» Task instructions
No pictures belong in the result; set down exactly the lines from the one containing "- Stock Image" through the final line of the listing, and nothing more.

» Supplied information

==*==

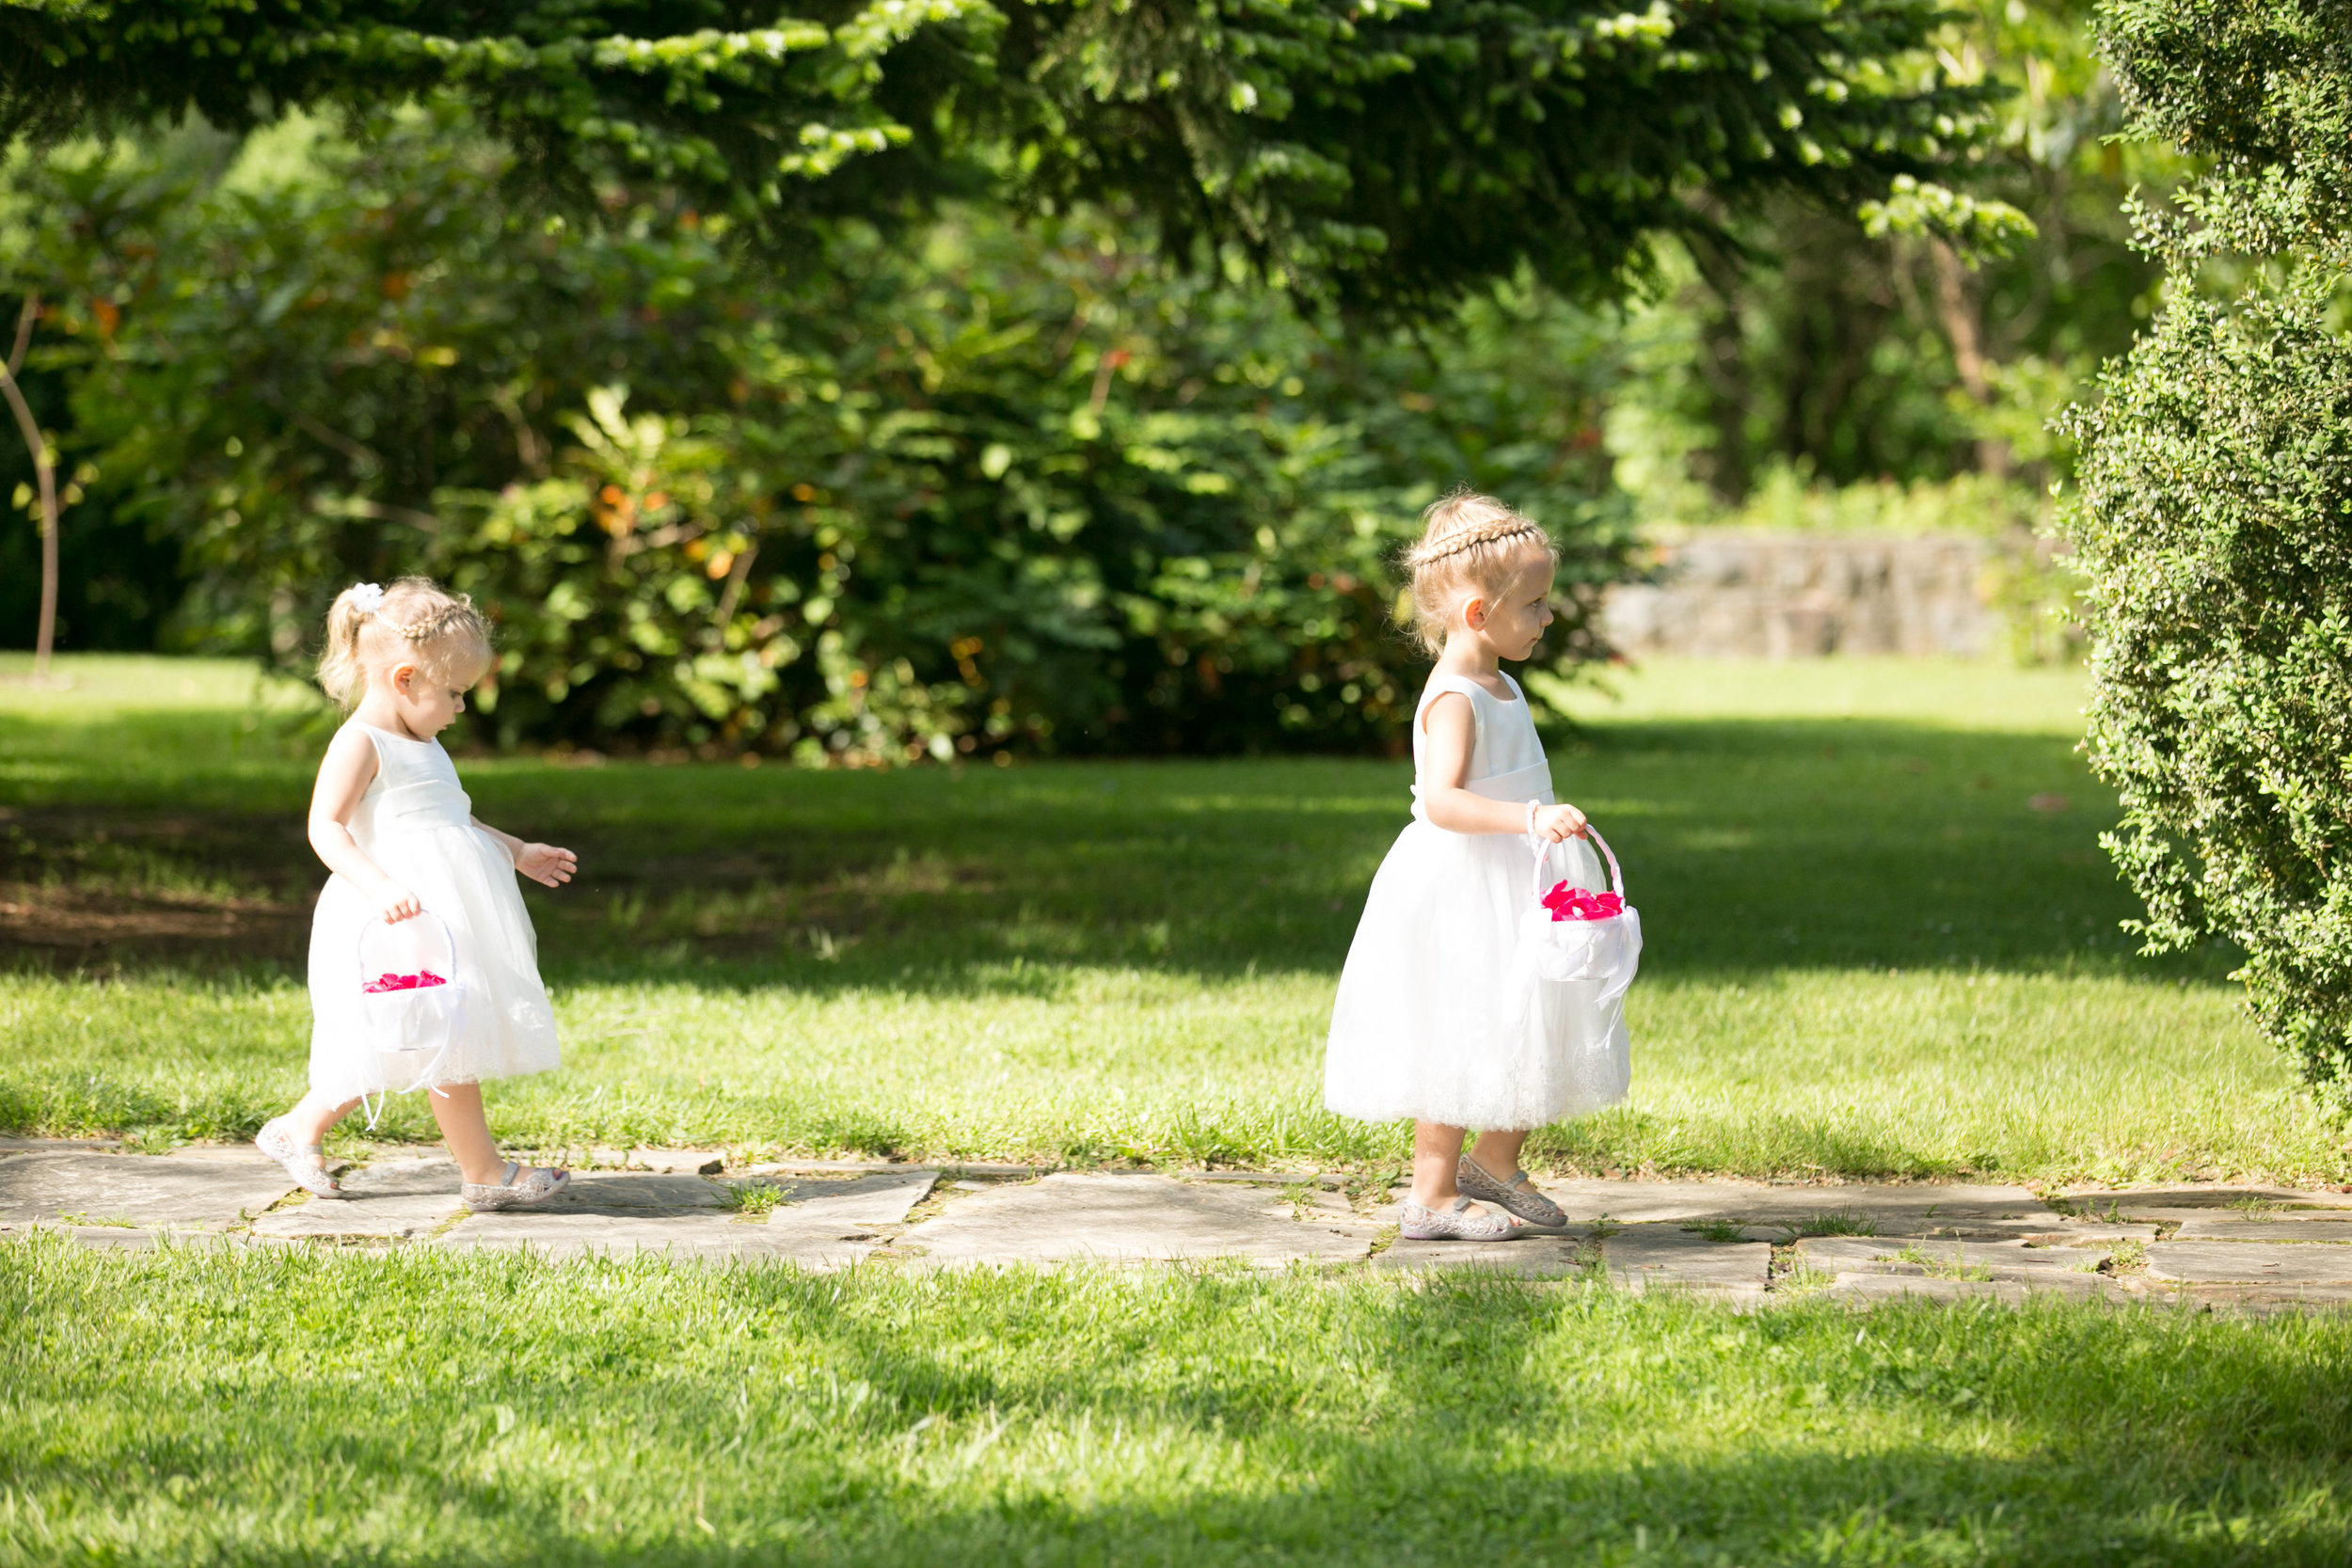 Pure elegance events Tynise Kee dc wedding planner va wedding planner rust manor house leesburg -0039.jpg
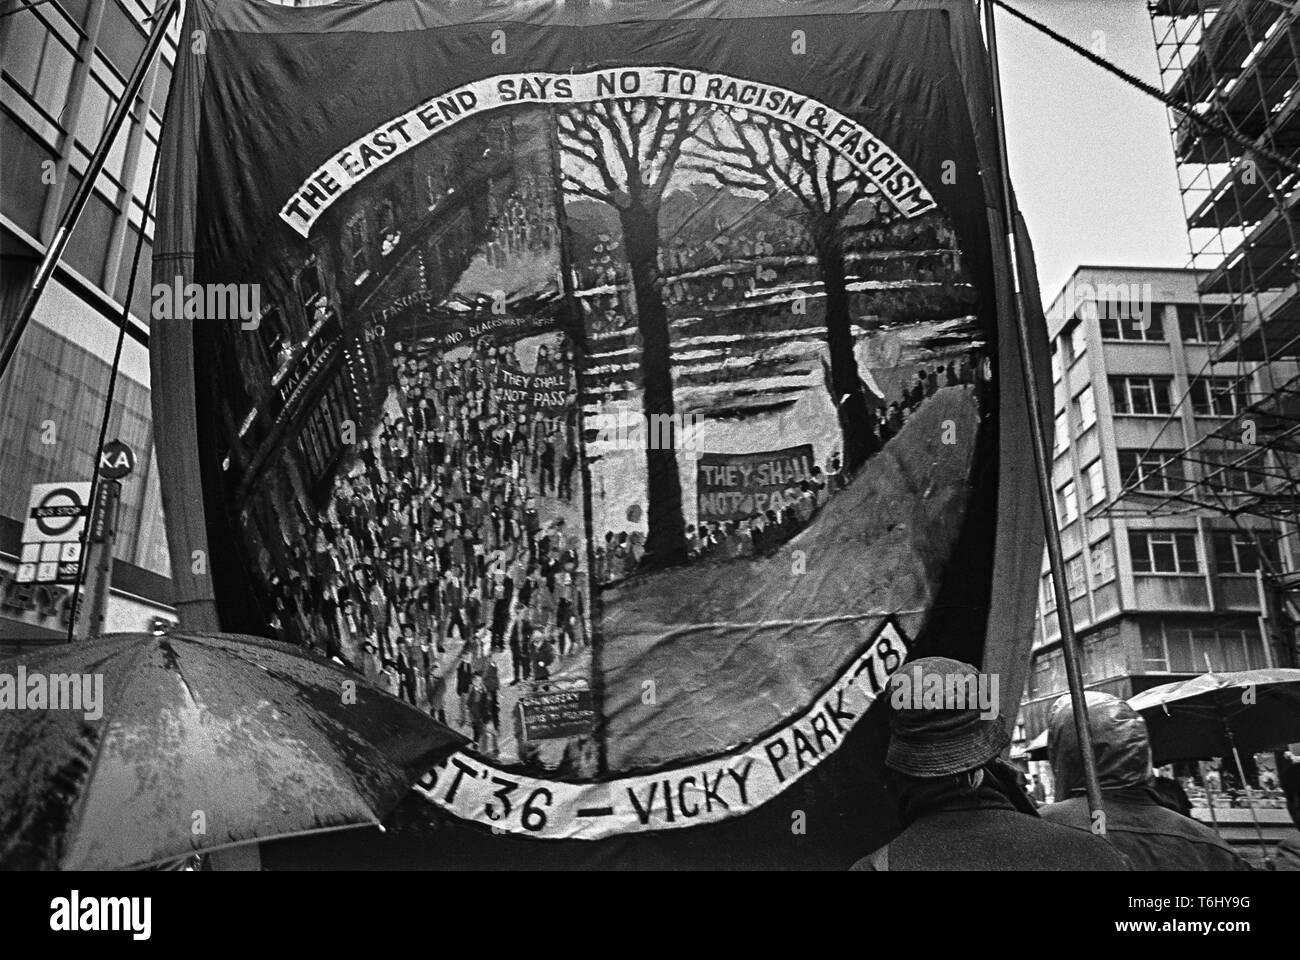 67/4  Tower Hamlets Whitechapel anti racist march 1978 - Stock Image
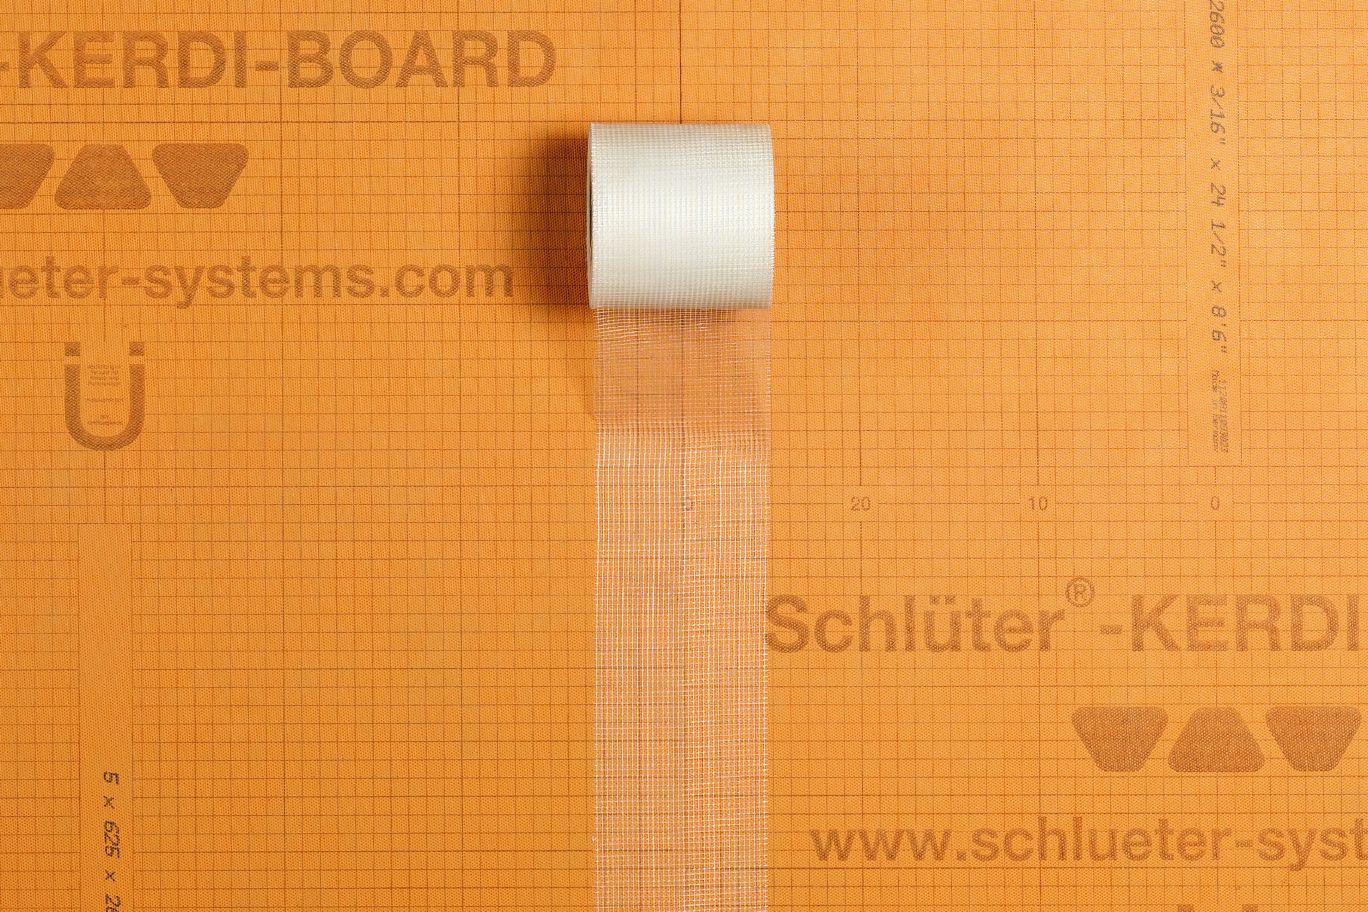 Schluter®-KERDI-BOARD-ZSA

==*==

» Output of the task
 67/4  Tower Hamlets Whitechapel anti racist march 1978 - Stock Image
 Schluter®-KERDI-BOARD-ZSA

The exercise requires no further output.